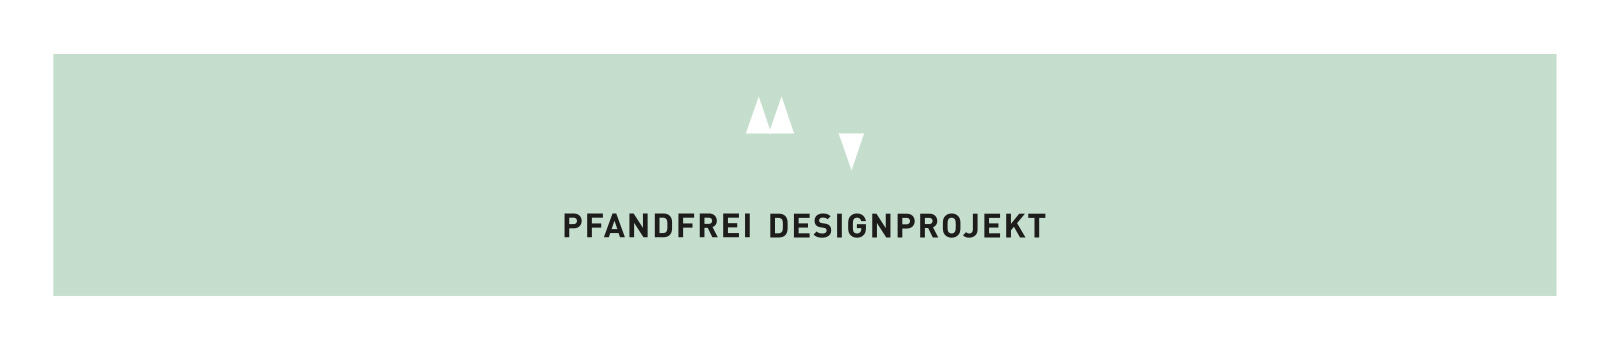 Pfandfrei Designprojekt
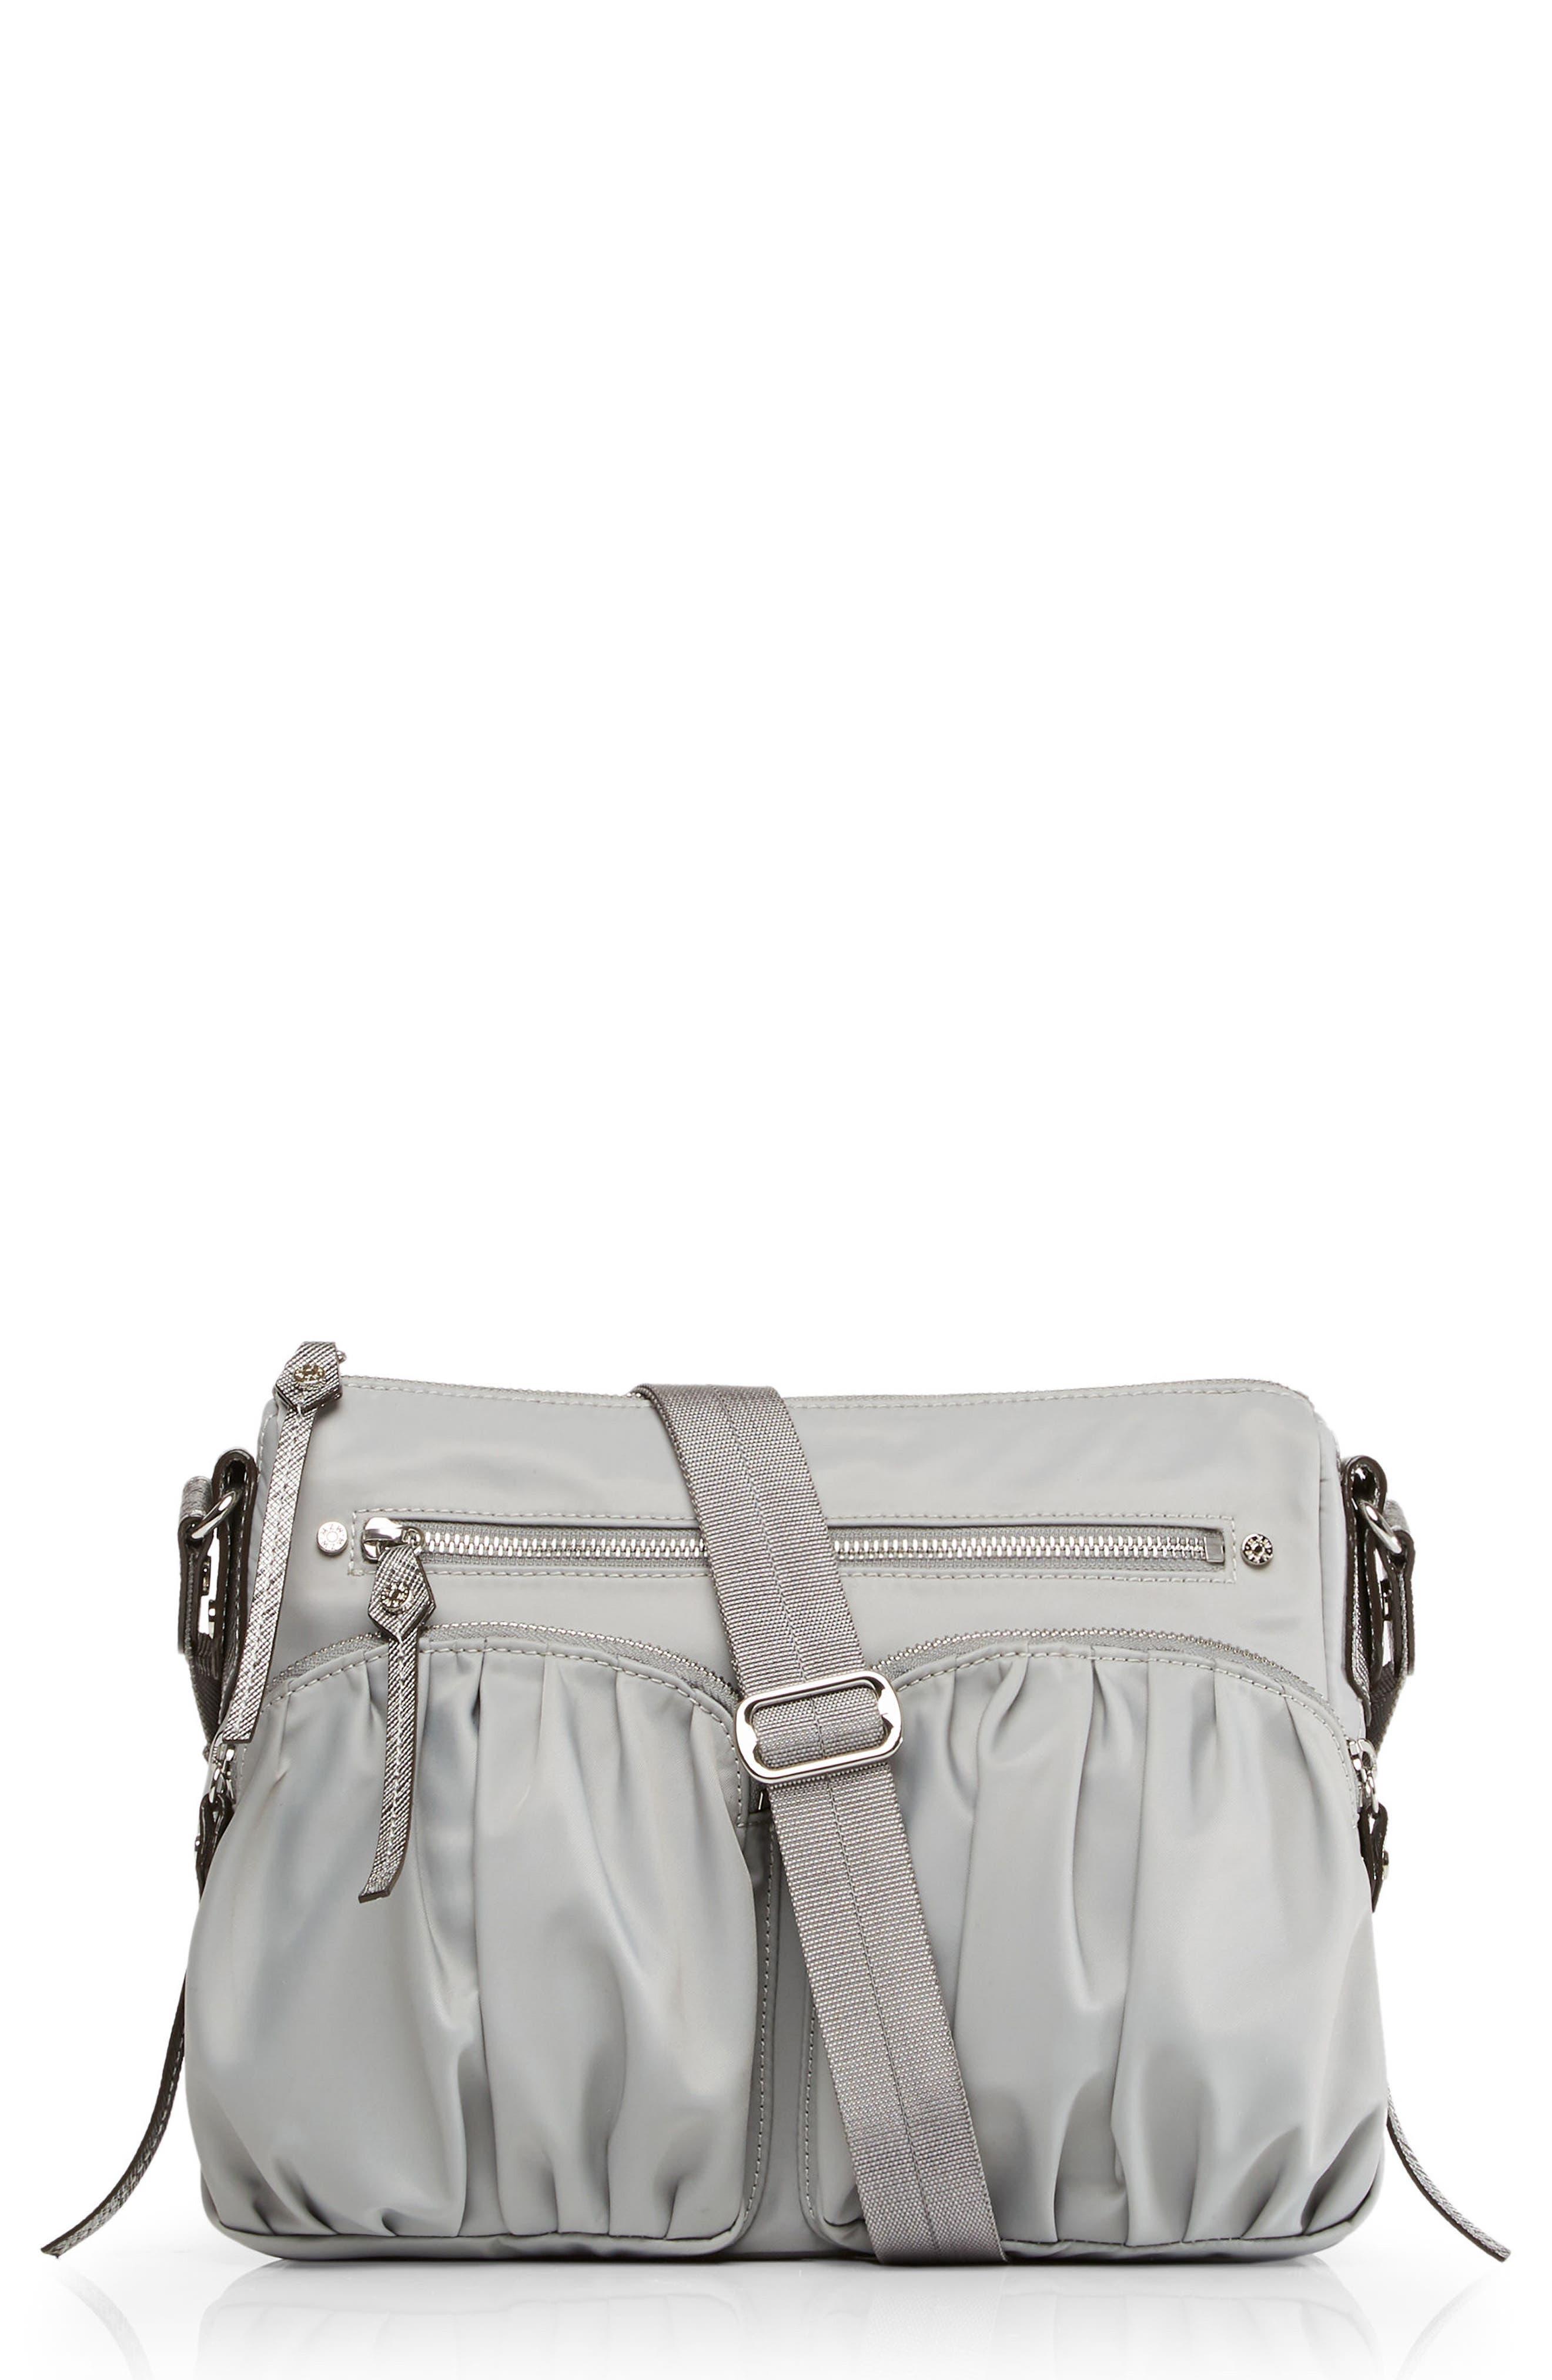 Paige Crossbody Bag,                         Main,                         color, Dove Grey
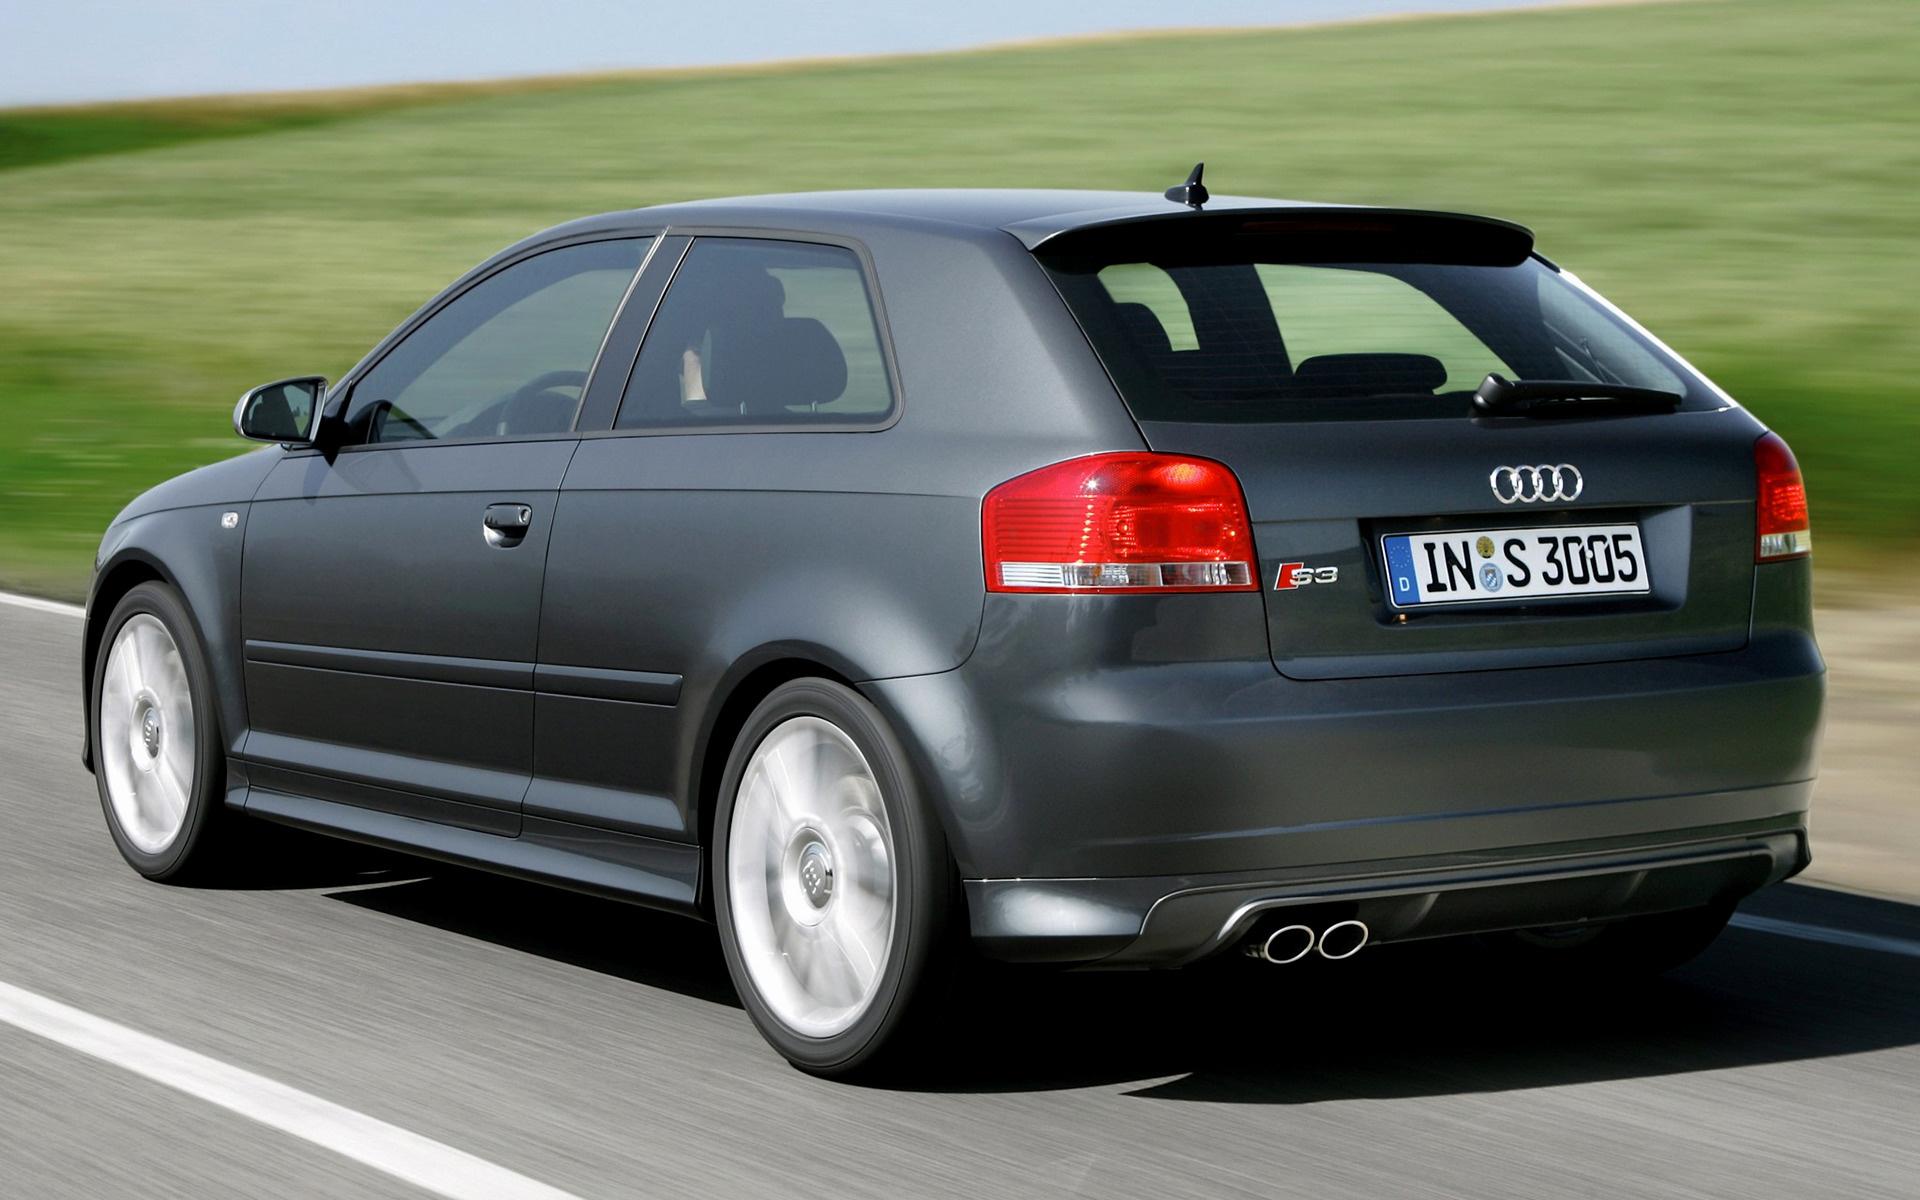 Kekurangan Audi S3 2006 Harga

*PROBLEM REQUIREMENTS*
Write out the material above without changing a word, and skip any picture.

*ANSWER TO THE PROBLEM*
 Pfandfrei Designprojekt
 Paige Crossbody Bag,                         Main,                         color, Dove Grey
 Kekurangan Audi S3 2006 Harga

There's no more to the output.